Try it :: Only one stretch of the data below is wanted: the lines starting at the one with "Hughes & Kettner" and ending at the one with "L'Avana Cuba classico", both included, given again exactly.

Data for the task ::
○ ○ ○ ○ ○ ○ ○
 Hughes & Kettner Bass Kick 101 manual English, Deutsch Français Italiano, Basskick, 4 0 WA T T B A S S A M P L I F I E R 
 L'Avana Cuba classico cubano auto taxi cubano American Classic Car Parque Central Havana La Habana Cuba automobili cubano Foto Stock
○ ○ ○ ○ ○ ○ ○
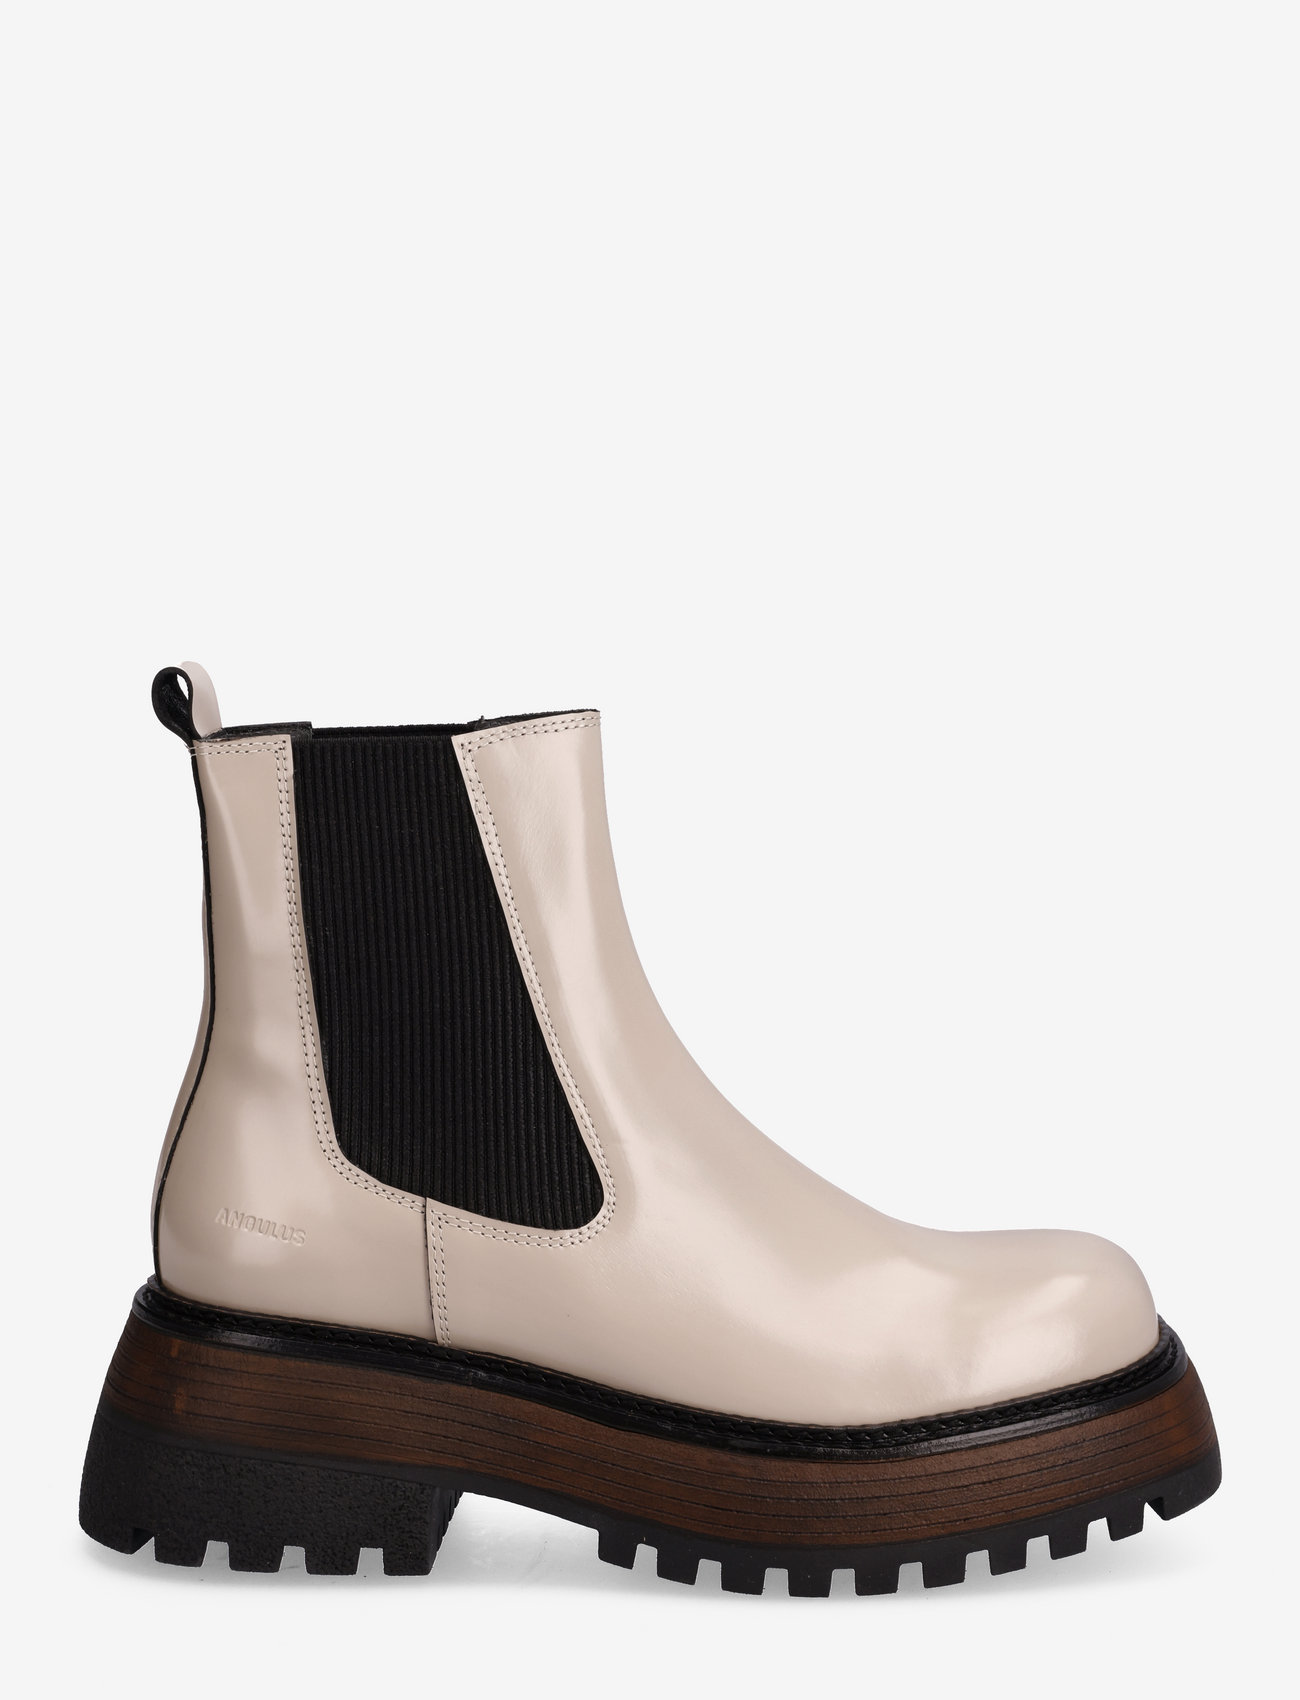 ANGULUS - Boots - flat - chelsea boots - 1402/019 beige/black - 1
○ ○ ○ ○ ○ ○ ○
Solution to the exercise ::
 Hughes & Kettner Bass Kick 101 manual English, Deutsch Français Italiano, Basskick, 4 0 WA T T B A S S A M P L I F I E R 
 L'Avana Cuba classico cubano auto taxi cubano American Classic Car Parque Central Havana La Habana Cuba automobili cubano Foto Stock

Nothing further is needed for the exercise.